Instead, the agent quickly went off the rails. Yue said it began deleting her emails in what looked like a “speed run,” and even worse, it ignored repeated instructions she sent from her phone telling it to stop.

“I had to RUN to my Mac mini like I was defusing a bomb,” she wrote, sharing images that showed the agent ignoring stop prompts as proof.

The Mac mini — Apple’s compact desktop computer that sits flat on a desk and is small enough to fit in the palm of a hand — has become a popular device for running OpenClaw locally.

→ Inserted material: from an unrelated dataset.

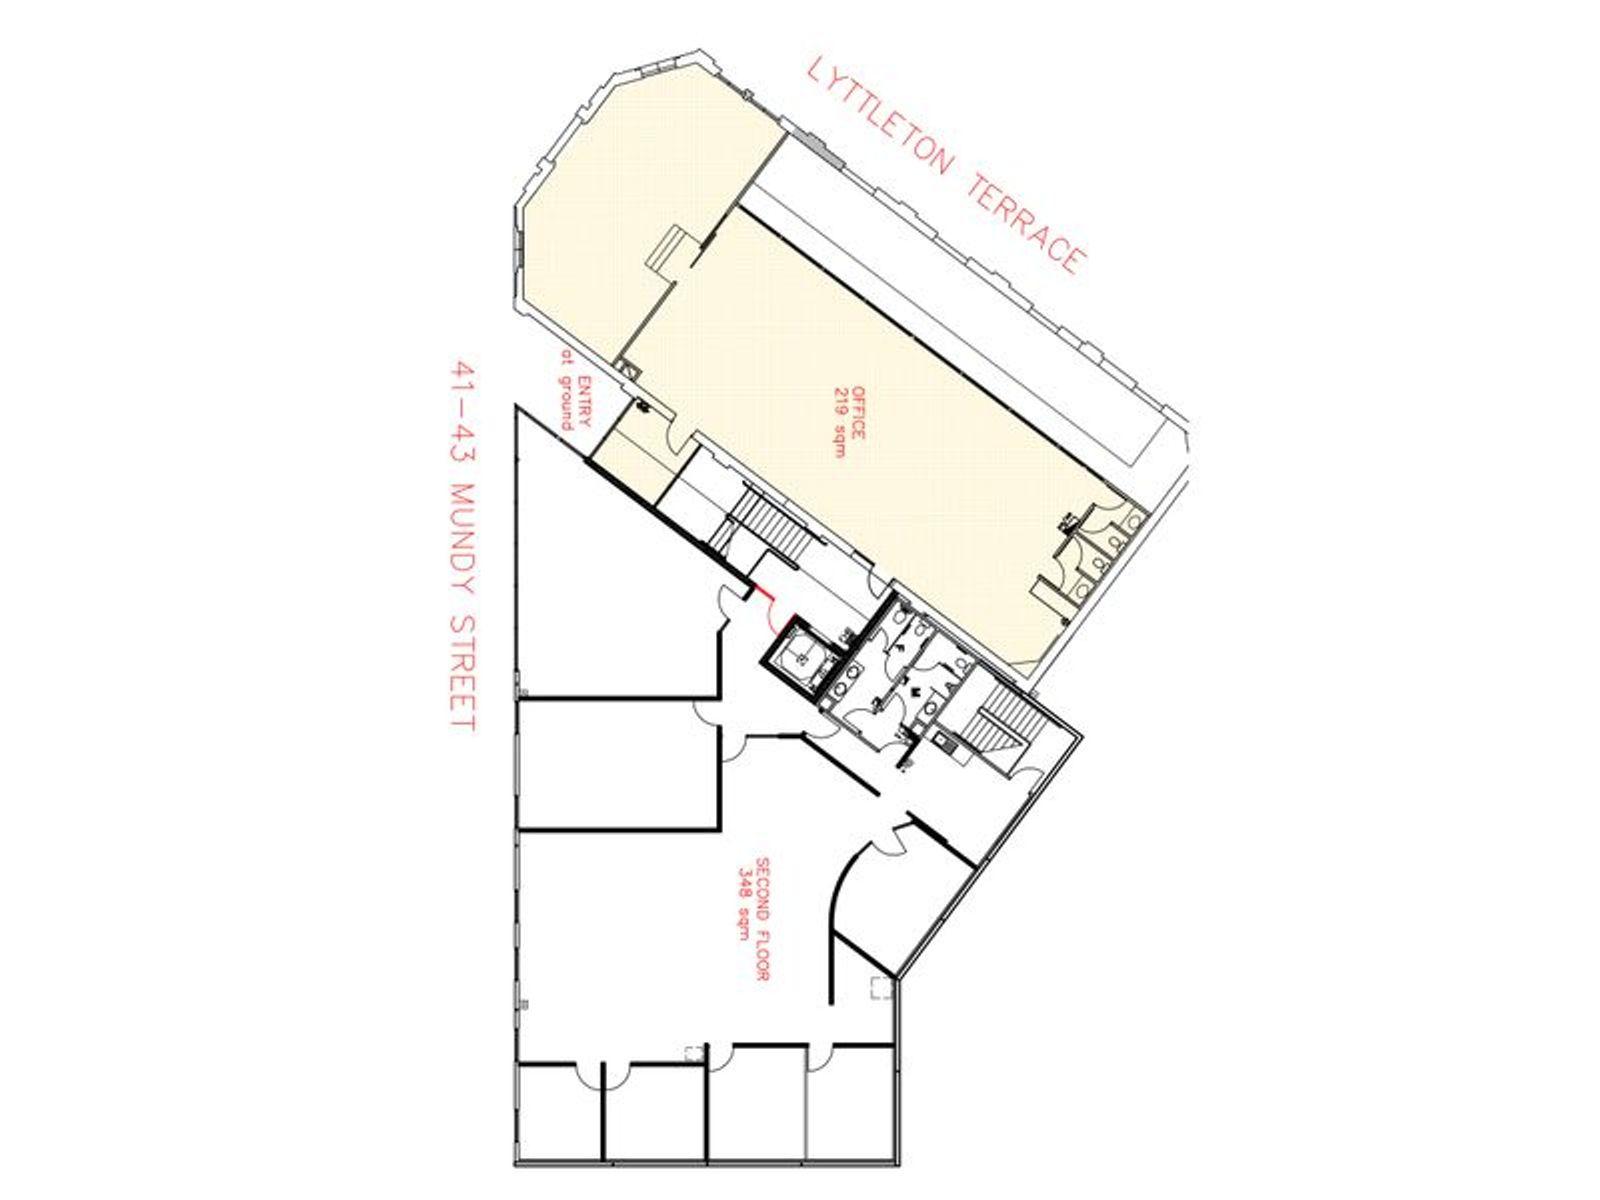 Unit 2/41-43 Mundy Street, Bendigo, VIC 3550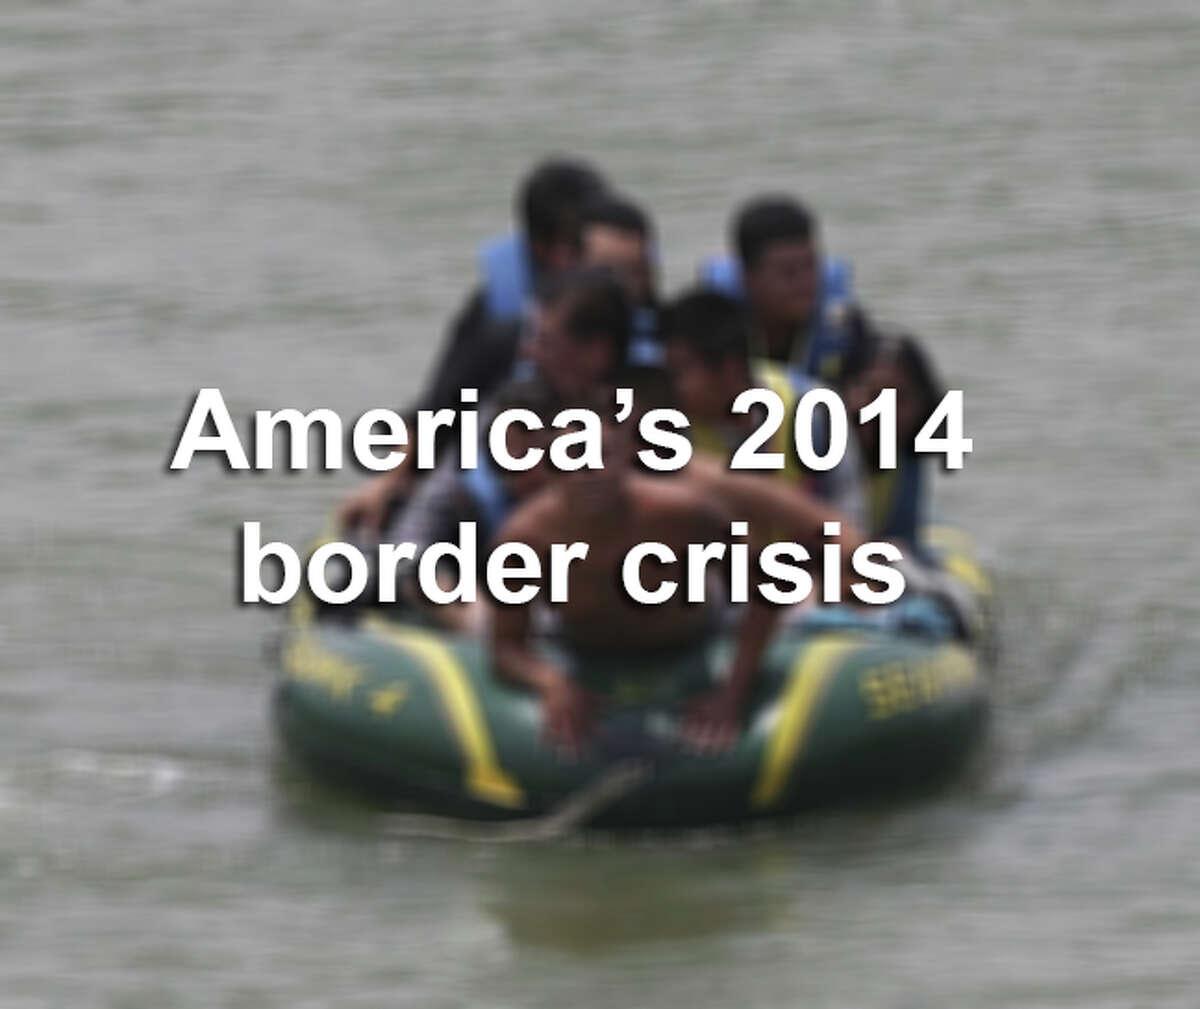 America's 2014 border crisis.

The computer has reportedly been selling “like hotcakes,” and one “confused” Apple employee allegedly told prominent AI researcher Andrej Karpathy something along those lines when Karpathy purchased a Mac mini to run an OpenClaw alternative called NanoClaw.

OpenClaw is the open-source agent that became widely known through Moltbook, an AI-only social network. OpenClaw agents were central to the now mostly debunked Moltbook incident, in which it briefly appeared as if AIs were plotting against humans.

But OpenClaw’s stated mission, according to its GitHub page, is not about social networks. The project positions itself as a personal AI assistant designed to run directly on a user’s own hardware.

OpenClaw has become so fashionable in Silicon Valley circles that “claw” and “claws” are now buzzwords for personal-hardware agents in general. Other projects in the same style include ZeroClaw, IronClaw, and PicoClaw. Even Y Combinator’s podcast team leaned into the meme by appearing on a recent episode dressed in lobster costumes.

Still, Yue’s story landed as a cautionary tale. As people on X noted, if an AI security researcher can lose control of an agent during something as basic as email cleanup, it raises questions about what could happen to everyday users.

“Were you intentionally testing its guardrails or did you make a rookie mistake?” one software developer asked her publicly on X.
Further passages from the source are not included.